Which lines of the records contain the word "Teil"? Copy each one.

Stored entries -
# # # #

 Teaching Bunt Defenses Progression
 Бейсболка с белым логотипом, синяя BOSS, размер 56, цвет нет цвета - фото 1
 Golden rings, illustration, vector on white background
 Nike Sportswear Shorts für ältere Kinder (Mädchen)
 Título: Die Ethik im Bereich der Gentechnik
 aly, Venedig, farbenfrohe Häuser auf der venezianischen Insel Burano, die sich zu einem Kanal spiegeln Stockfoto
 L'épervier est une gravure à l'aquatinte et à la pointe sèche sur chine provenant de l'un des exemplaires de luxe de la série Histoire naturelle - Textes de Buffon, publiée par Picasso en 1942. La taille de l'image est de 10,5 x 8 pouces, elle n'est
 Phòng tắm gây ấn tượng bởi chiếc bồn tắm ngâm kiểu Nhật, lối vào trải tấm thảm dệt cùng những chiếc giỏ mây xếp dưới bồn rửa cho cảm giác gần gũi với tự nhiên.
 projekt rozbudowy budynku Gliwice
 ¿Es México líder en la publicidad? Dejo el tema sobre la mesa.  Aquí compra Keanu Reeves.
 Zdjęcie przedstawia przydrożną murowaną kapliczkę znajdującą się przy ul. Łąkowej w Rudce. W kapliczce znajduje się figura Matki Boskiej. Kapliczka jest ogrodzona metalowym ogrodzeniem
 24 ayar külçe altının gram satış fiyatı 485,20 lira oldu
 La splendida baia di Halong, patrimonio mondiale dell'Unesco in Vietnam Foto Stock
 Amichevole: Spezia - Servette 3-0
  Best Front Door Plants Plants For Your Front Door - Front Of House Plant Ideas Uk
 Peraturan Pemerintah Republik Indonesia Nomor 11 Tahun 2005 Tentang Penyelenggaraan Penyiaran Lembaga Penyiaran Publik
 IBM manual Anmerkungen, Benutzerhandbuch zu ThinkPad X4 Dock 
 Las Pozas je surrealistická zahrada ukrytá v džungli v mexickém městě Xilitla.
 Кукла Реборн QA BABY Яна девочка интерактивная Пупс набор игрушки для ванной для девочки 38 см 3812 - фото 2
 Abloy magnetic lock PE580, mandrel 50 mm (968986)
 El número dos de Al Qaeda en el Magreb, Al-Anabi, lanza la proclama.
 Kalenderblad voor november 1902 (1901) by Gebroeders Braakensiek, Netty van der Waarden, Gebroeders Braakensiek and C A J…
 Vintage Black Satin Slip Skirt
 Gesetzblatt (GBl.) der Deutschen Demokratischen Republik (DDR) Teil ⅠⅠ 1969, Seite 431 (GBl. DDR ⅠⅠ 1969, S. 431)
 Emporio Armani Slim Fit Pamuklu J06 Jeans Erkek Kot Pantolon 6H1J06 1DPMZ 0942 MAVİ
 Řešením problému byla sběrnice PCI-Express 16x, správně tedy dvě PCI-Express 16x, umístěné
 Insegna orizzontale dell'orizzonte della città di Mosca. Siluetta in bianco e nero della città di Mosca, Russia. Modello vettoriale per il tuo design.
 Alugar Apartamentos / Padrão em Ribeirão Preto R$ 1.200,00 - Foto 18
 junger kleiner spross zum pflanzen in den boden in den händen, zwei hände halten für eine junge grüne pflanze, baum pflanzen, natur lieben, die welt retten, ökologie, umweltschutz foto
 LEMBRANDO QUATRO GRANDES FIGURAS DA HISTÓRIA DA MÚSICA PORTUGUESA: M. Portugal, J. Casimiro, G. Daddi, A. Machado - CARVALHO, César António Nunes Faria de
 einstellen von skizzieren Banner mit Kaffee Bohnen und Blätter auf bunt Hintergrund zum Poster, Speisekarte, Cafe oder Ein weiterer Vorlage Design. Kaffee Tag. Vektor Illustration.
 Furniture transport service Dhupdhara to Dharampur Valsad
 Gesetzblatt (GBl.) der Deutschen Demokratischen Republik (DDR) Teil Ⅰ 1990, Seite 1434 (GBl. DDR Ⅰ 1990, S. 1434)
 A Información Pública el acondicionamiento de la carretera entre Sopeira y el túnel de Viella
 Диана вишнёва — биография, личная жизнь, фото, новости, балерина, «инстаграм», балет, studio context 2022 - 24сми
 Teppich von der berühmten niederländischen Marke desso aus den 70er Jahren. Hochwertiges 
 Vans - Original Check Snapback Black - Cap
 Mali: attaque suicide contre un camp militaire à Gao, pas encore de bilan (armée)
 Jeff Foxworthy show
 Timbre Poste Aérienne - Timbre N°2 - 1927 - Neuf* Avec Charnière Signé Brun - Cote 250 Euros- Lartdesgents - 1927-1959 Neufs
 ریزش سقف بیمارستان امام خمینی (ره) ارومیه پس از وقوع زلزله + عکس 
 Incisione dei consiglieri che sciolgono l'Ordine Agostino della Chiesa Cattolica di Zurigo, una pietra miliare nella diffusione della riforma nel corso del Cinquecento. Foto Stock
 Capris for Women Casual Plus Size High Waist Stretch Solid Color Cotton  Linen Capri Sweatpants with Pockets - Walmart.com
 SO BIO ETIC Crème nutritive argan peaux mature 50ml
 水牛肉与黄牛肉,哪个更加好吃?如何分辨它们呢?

# # # #

Worked solution -
 Gesetzblatt (GBl.) der Deutschen Demokratischen Republik (DDR) Teil ⅠⅠ 1969, Seite 431 (GBl. DDR ⅠⅠ 1969, S. 431)
 Gesetzblatt (GBl.) der Deutschen Demokratischen Republik (DDR) Teil Ⅰ 1990, Seite 1434 (GBl. DDR Ⅰ 1990, S. 1434)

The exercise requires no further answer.